Meituan’s Longcat 2.0: China trains a massive AI model without Nvidia
Chinese tech giant Meituan has released Longcat 2.0, a large language model trained entirely without Nvidia hardware. The open-source model demonstrates that China can develop competitive AI systems despite U.S. export restrictions on advanced chips.
Longcat 2.0 uses a mixture-of-experts architecture with 1.2 trillion total parameters and 74 billion activated parameters per token. It was trained on AMD GPUs and Chinese-made accelerators, bypassing the Nvidia ecosystem that dominates most Western AI development.
How Longcat 2.0 compares to Western models
The model achieves performance on par with Meta’s Llama 3.1 70B and Qwen 2.5 72B on standard benchmarks. Meituan also says Longcat 2.0 outperforms GPT-4 on some internal tasks, though independent verification is still pending.
Key technical details:
- Training hardware: 2,048 AMD MI250 GPUs paired with 1,200 Chinese-made Ascend 910B chips.
- Training cost: Estimated at $3 million, significantly lower than comparable models from OpenAI or Google.
- Training data: 4.8 trillion tokens drawn from open Chinese and English sources.
- Context length: 128,000 tokens, matching many frontier models.
Why this matters for the global AI race
The U.S. ban on exporting Nvidia’s A100 and H100 chips to China forced companies like Meituan to find alternative hardware. Longcat 2.0 proves that Chinese firms can still train world-class models using AMD and domestic chips.
“This is a clear signal that export controls alone will not stop China’s AI progress,” said one analyst cited in the report. “They are innovating around the restrictions.”
The model is released under a permissive open-source license, allowing researchers and developers to inspect, modify, and deploy it freely.
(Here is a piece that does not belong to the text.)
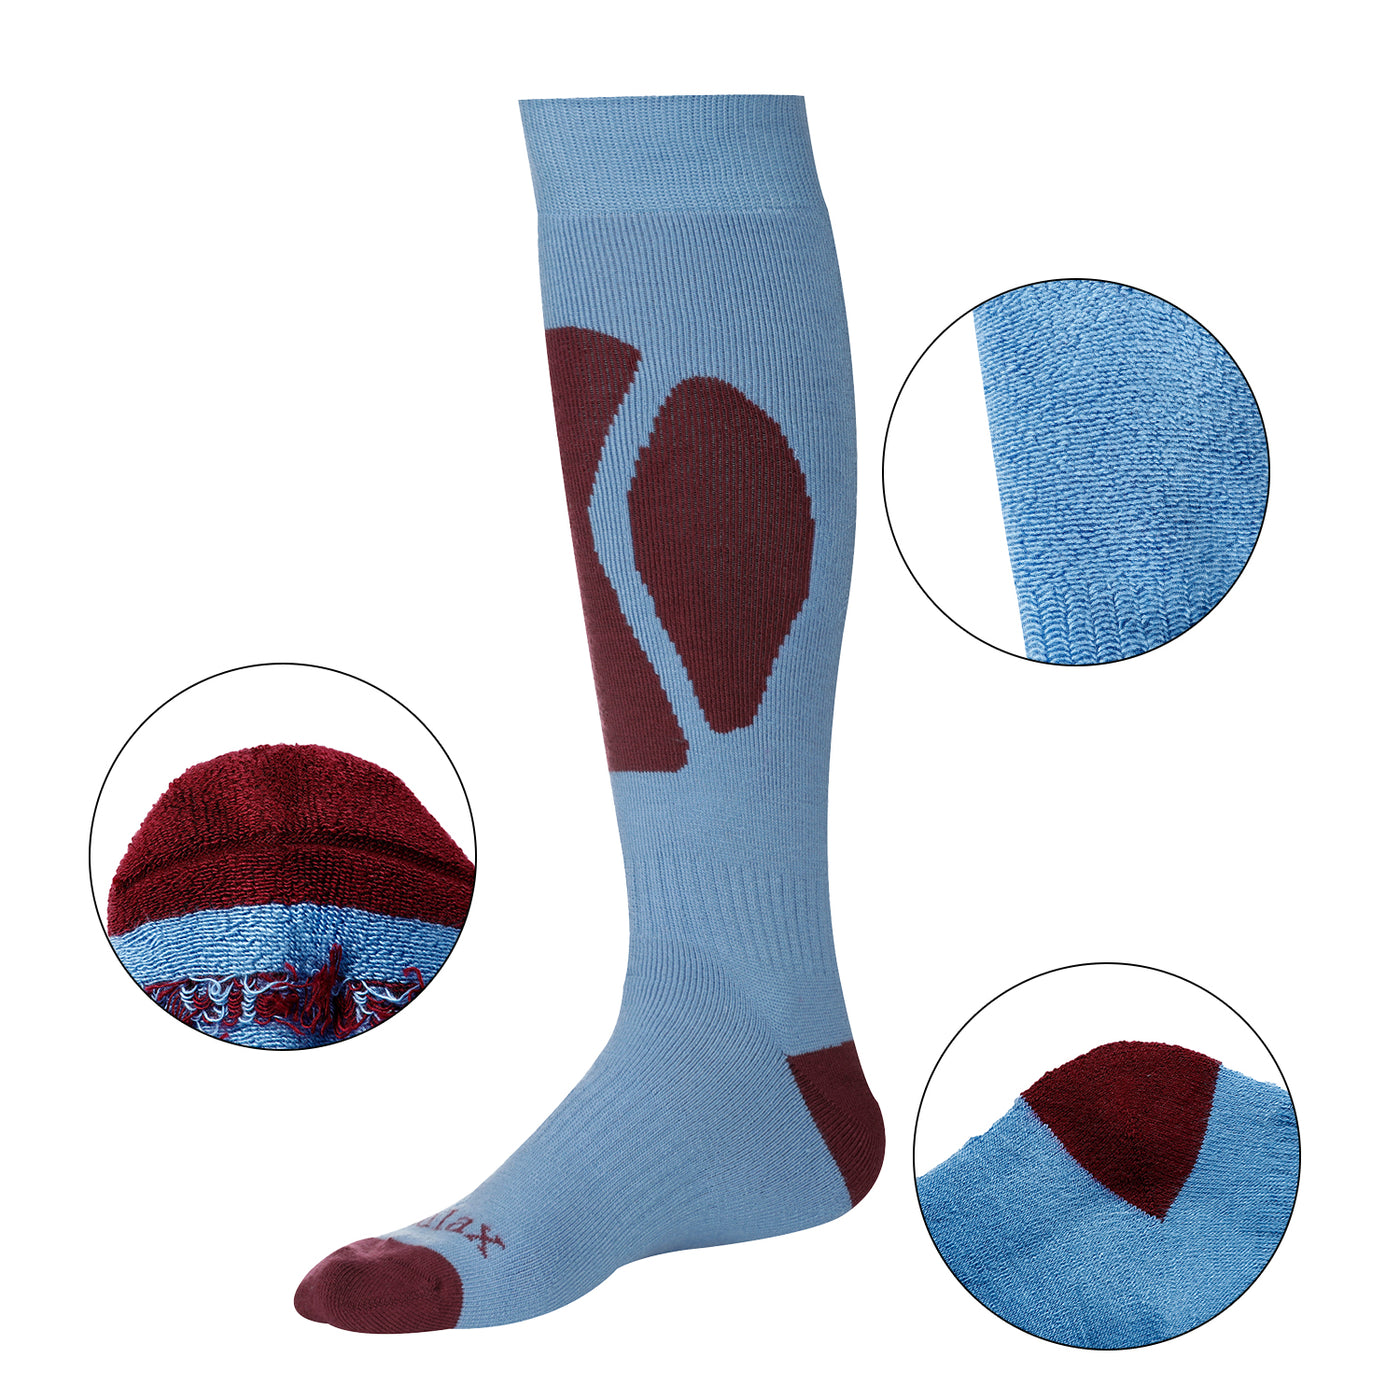 3 Pairs Cashmere-Like Long Hose Thermal Men's Ski Socks, Black, Blue, Grey, Gift Set
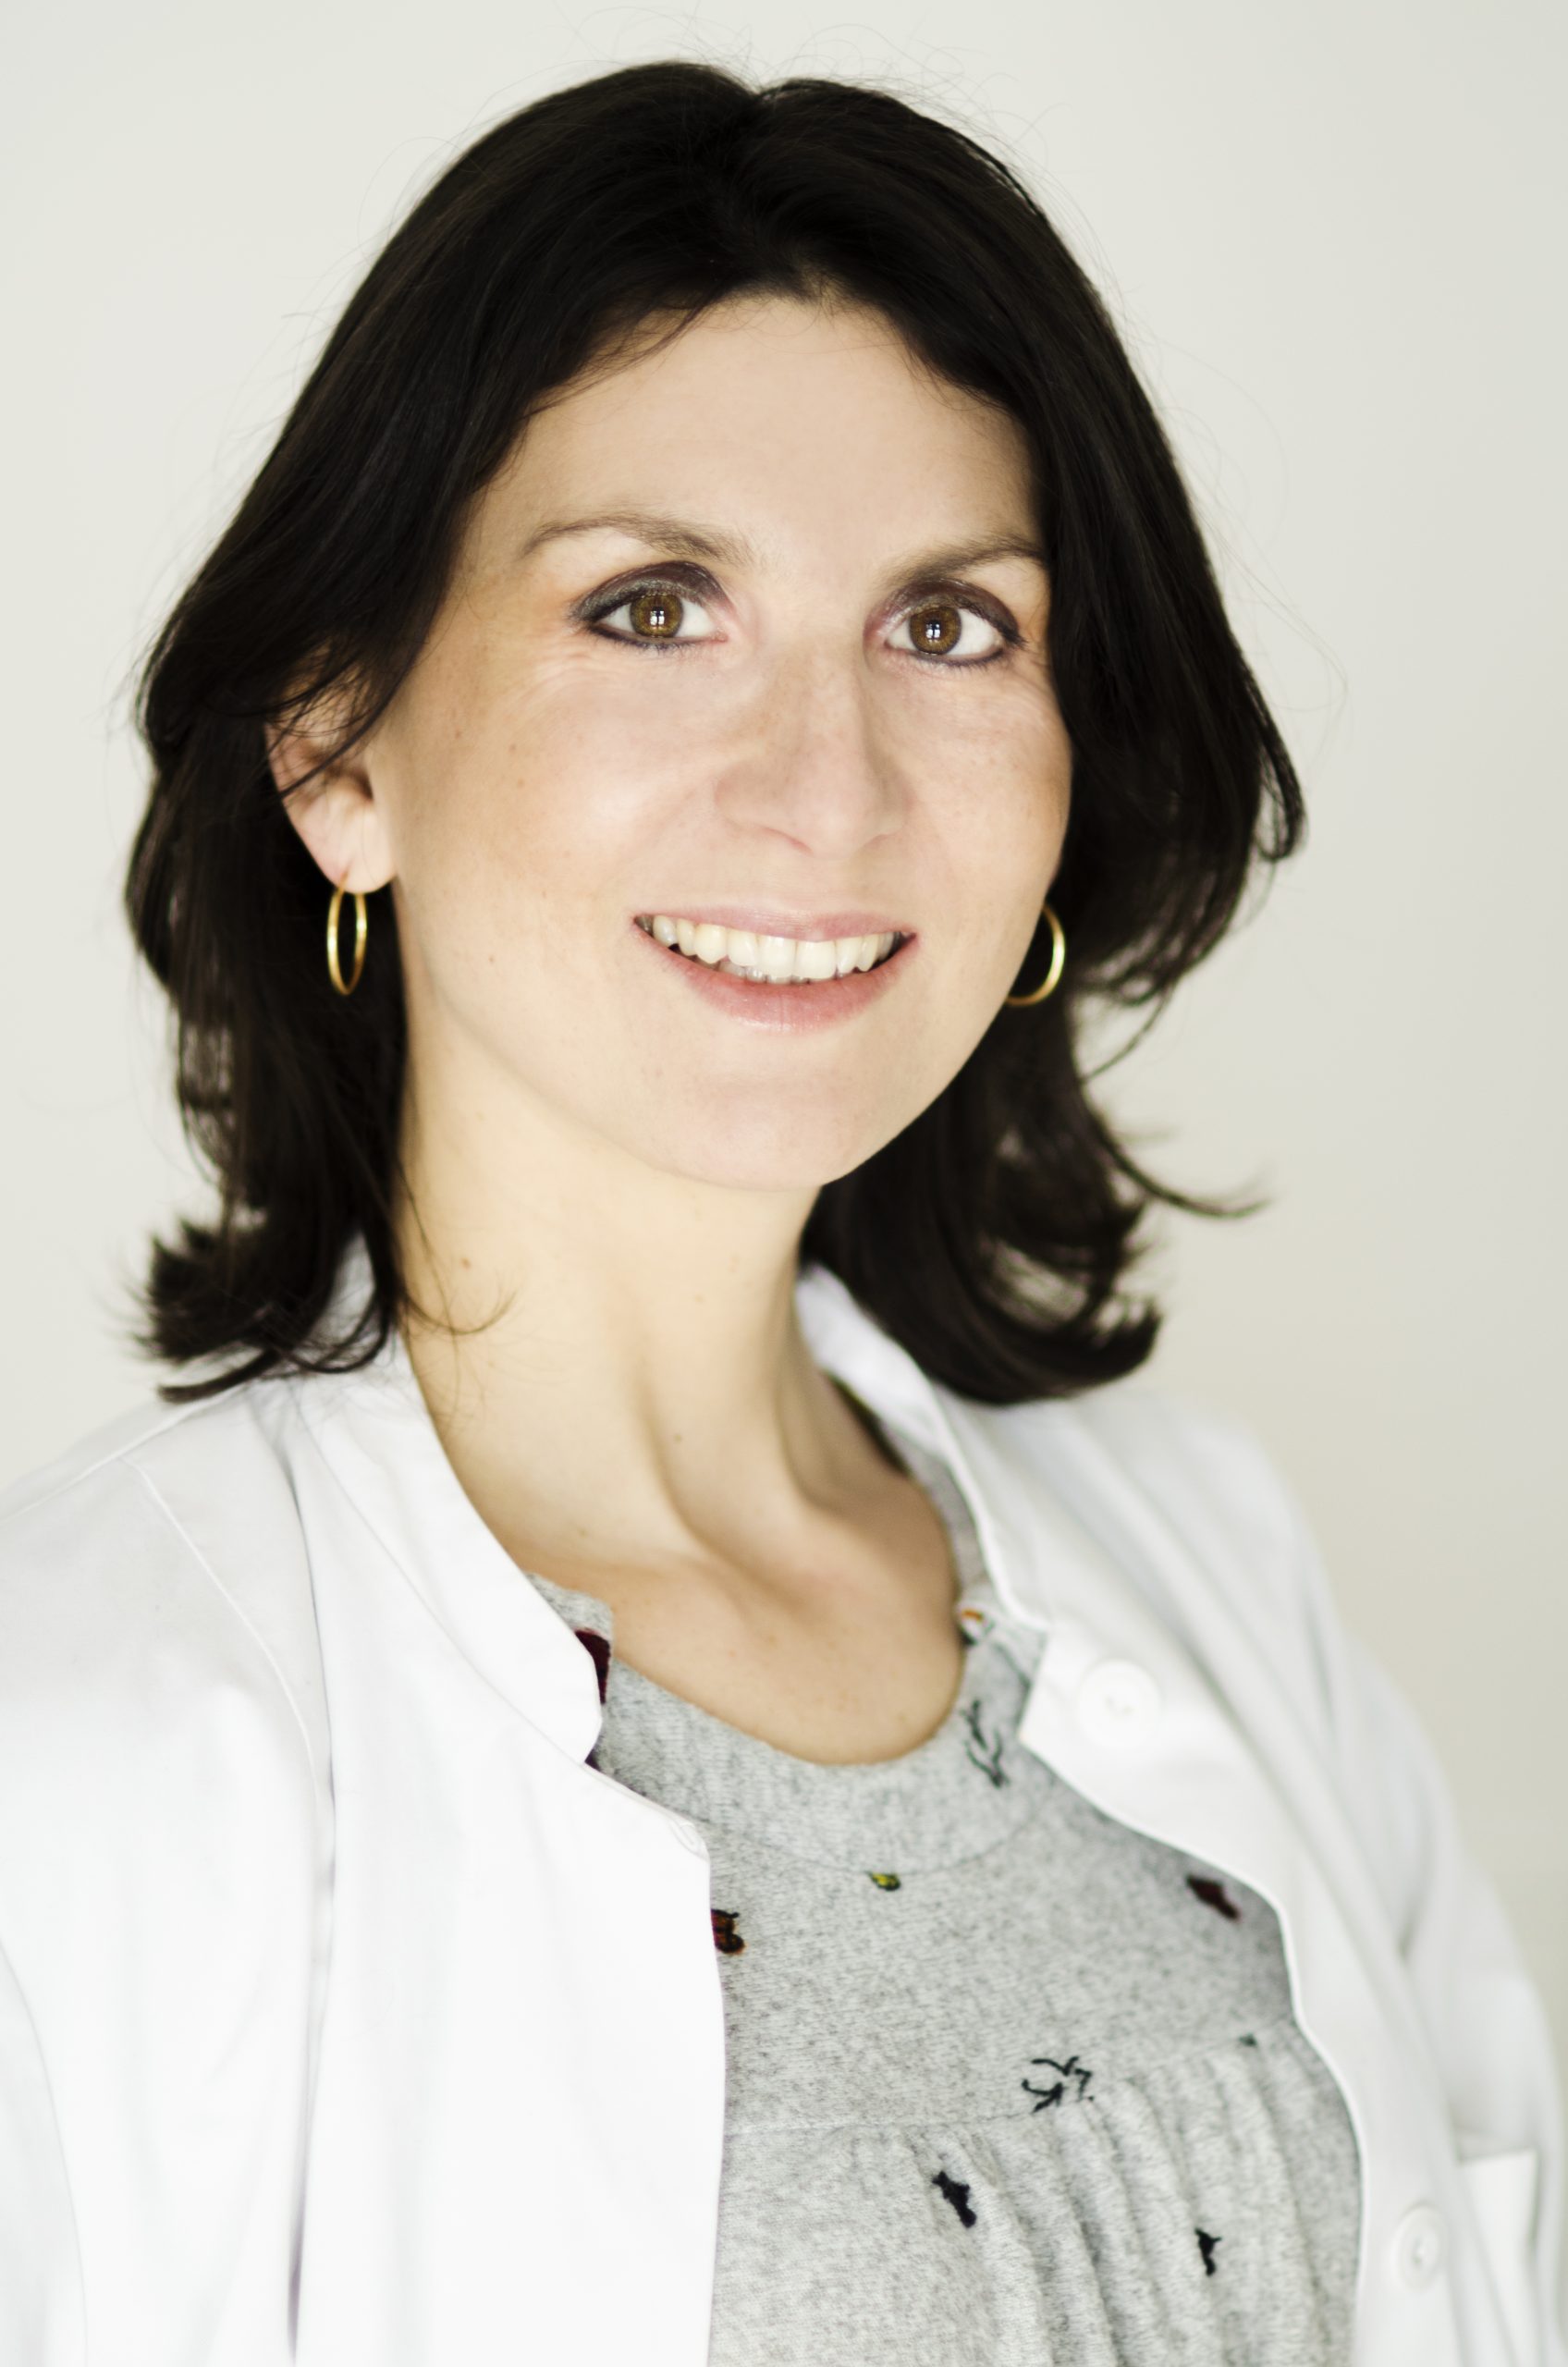 Dr. Freya Vila Jurk ist Internistin in Eppendorf.

Meituan has also published detailed training logs and optimization techniques to help others replicate the process.
What Longcat 2.0 means for open-source AI
Meituan’s decision to open-source Longcat 2.0 contrasts with many Western companies that keep their largest models proprietary. The move could accelerate AI development in China and other regions with limited access to Nvidia hardware.
Implications for developers:
- Lower entry barrier: Teams can train large models without Nvidia GPUs, using cheaper or domestic alternatives.
- Performance portability: The training techniques developed by Meituan can be applied to other AMD or Chinese hardware stacks.
- Supply chain resilience: Reliance on a single GPU vendor is no longer a necessity for state-of-the-art AI.
The bottom line
Longcat 2.0 is a technical and strategic milestone. It proves that large-scale AI training is feasible without Nvidia, and that open-source collaboration can thrive under geopolitical pressure.
Meituan has already deployed Longcat 2.0 internally for tasks like customer service and logistics optimization. The company plans to release future versions that further close the gap with top Western models.